# Lures/Soft plastics



## Neciee24 (Aug 18, 2013)

Has anyone ever used hard lures and/or soft plastics when fishing off of Sikes, PB pier, Pickens pier, etc? Are they effective or should I stick with live/cut bait?


----------



## ThaFish (Feb 27, 2013)

Soft plastics at Sykes are killer for bull reds...


----------



## zimm (Jul 29, 2013)

What's the best way to work um in deeper water? I've only used them in the grass flats


----------



## SpeedoJosh (Jun 15, 2013)

ThaFish said:


> Soft plastics at Sykes are killer for bull reds...


Bologna!


----------



## MoganMan (Feb 24, 2013)

zimm said:


> What's the best way to work um in deeper water? I've only used them in the grass flats


Look at any post by Thafish in piers and bridges reports. We used to get asked that question 3x each time a report from Bob Sykes would be posted.
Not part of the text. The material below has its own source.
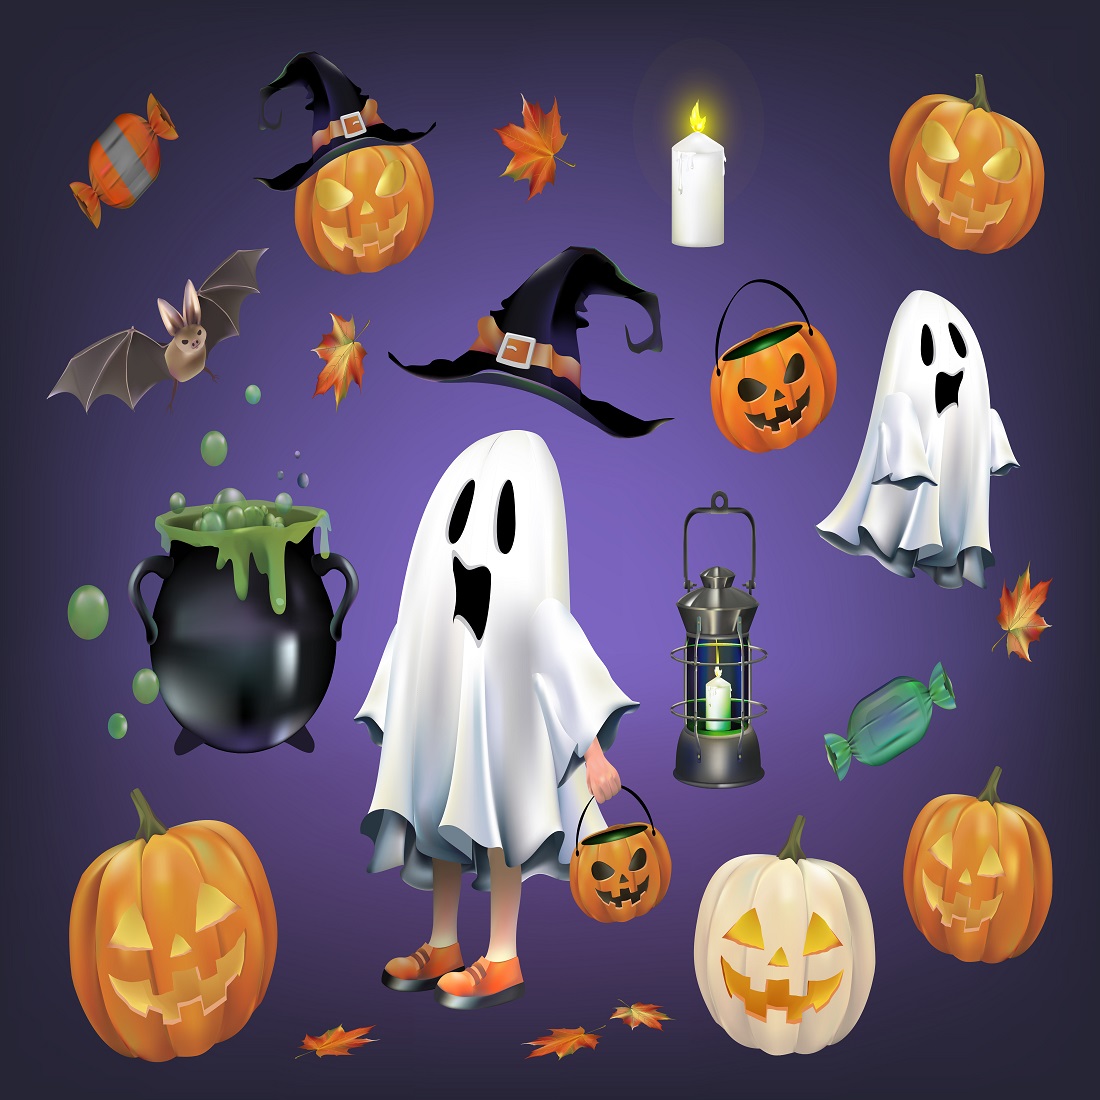 Halloween set cover image.

Lots of good info on those threads.


----------



## ThaFish (Feb 27, 2013)

SpeedoJosh said:


> Bologna!


You're right Josh, what the hell was I thinking! Cut bait all the way, no artificials for me out on Sykes!!


----------



## SpeedoJosh (Jun 15, 2013)

ThaFish said:


> You're right Josh, what the hell was I thinking! Cut bait all the way, no artificials for me out on Sykes!!


Yea, if you use artificials, all you're going to catch is catfish. Cut bait brings in the reds!!!:jester:


On a serious note, I'd do as Morgan stated and scan through ThaFish's posts. Be warned, it's about $3-4 a break off. I get at least one break-off every time too.


----------